“If people that live in the country would take a little pains, daily observations might be made with respect to animals, and particularly regarding their actions and economy, which are the life and soul of natural history”.

Gilbert White 12 May 1770

About GW300

2020 marks the three hundredth anniversary of the birth of the parson-naturalist Gilbert White (18 July 1720 – 26 June 1793), regarded as ‘the father of ecology’, or as Bill Oddie put it memorably, ‘the man who got us all birdwatching’. White’s careful recording of the natural history of Selborne inspired Charles Darwin and many others and directly influenced the growth and development of the natural sciences.

Gilbert White was a man who:

o Was the first to ‘observe nature narrowly’, and act on it, demonstrating that the individual could make a difference

o Influenced the thinkers and scientific innovators of his time and later

o Taught the importance of living in harmony with the natural world

“It is, I find, in zoology as it is in botany: all nature is so full, that that district produces the greatest variety which is the most examined.”
Gilbert White – Letter XX


Who was Gilbert White?

Gilbert White was born in Selborne and spent most of his life in the village, dying there in 1793. For over 40 years he ministered to the village – he recorded 313 people as living in the village in 1783. He adored Selborne and its people. “The parish of Selborne lies in the extreme eastern corner of the county of Hampshire, …near mid-way between the towns of Alton and Petersfield.
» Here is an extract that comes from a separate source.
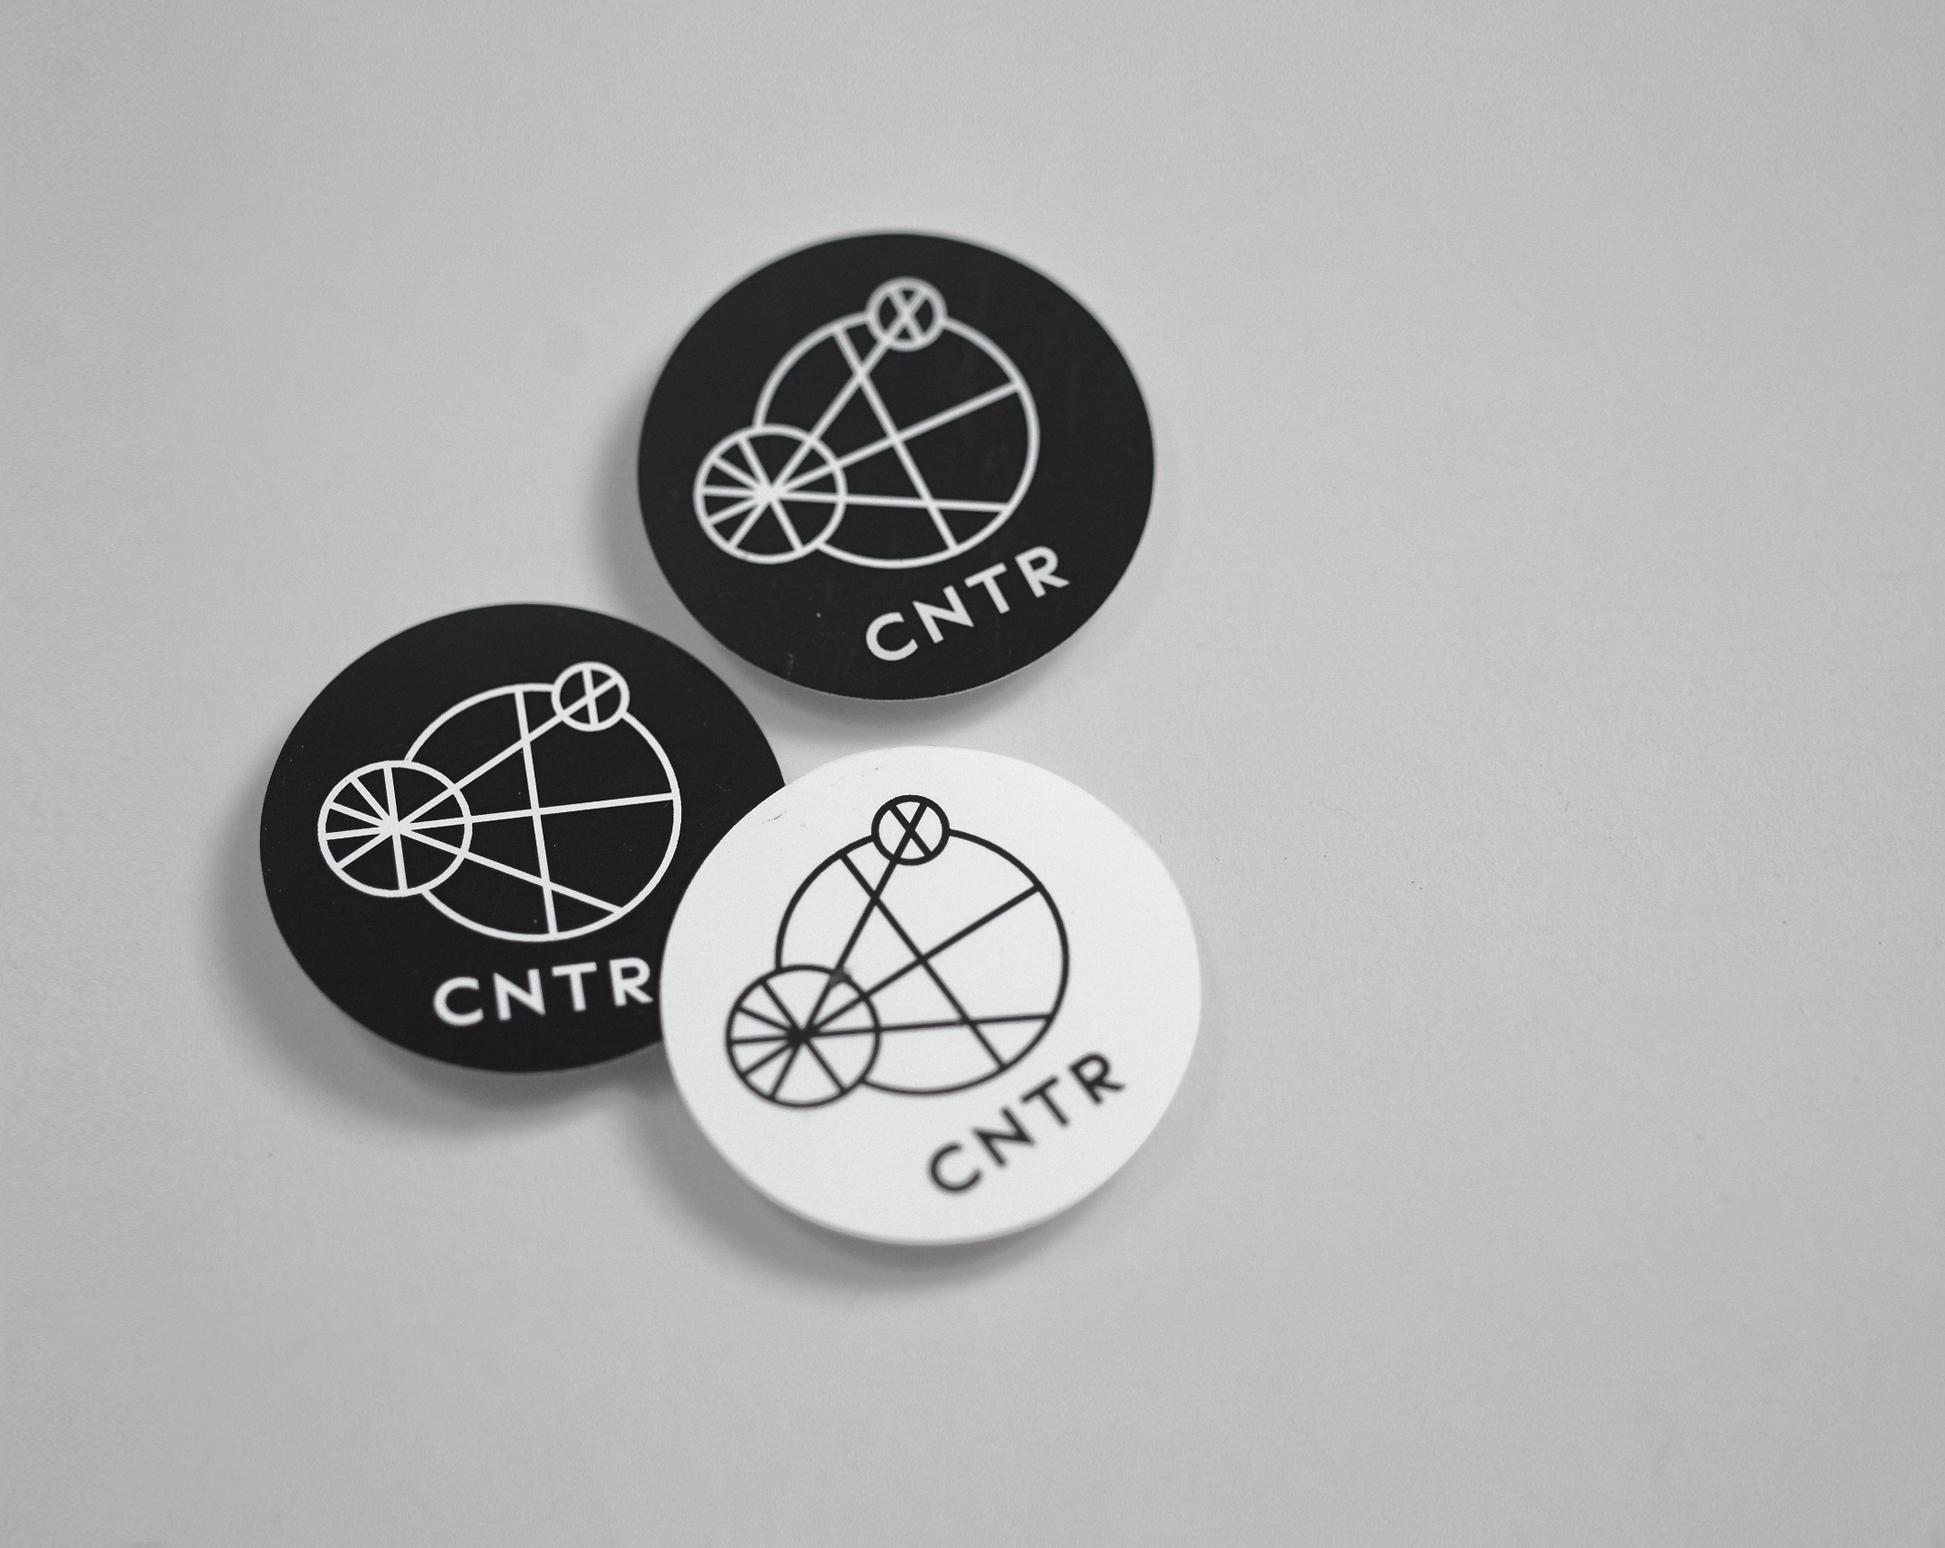 cntr_3.jpg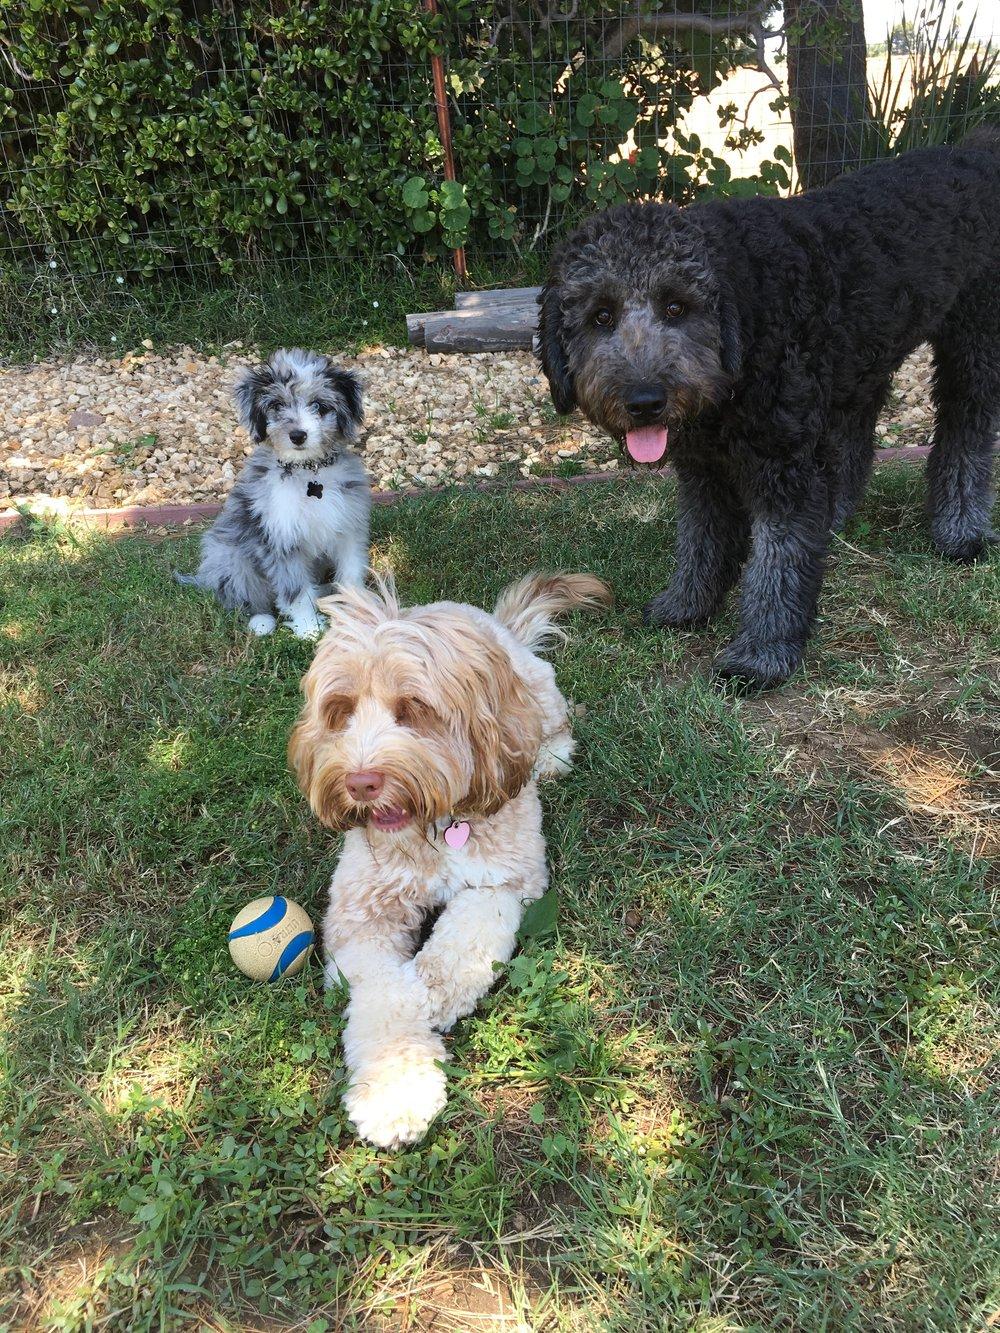 Dogpanion Puppy Boarding School Dogpanion Private Dog Training

The soils of this district are almost as various and diversified as the views and aspects. The high part of the south-west consists of a vast hill of chalk, rising three hundred feet above the village, and is divided into a sheep-down, the high wood and a long hanging wood, called The Hanger…. We abound with poor; many of whom are sober and industrious, and live comfortably in good stone or brick cottages, which are glazed, and have chambers above stairs: mud buildings we have none. Besides the employment from husbandry the men work in hop gardens, of which we have many; and fell and bark timber. The inhabitants enjoy a good share of health and longevity: and the parish swarms with children.”

18th C Selborne – illustration by Hieronymous Grimm for The Natural History of Selborne

Gilbert White’s great book, The Natural History of Selborne, was published in 1789. Glowing reviews from contemporaries turned it into a best seller - “ A sagacity of observation runs through the work. Men of intelligence like him are wanted, to promote an intimacy between the library and the plough.”(The Gentleman’s Magazine, January 1789). “A more delightful, or more original work than Mr. White’s History of Selborne has seldom been published.” (The Topographer, April 1789.) “The Natural History of Selborne ought to have a place among the household books of every English family” (The Quarterly Review, January, 1828).

The Natural History of Selborne has gone through countless editions, in dozens of languages, and is now one the world’s most published and admired books.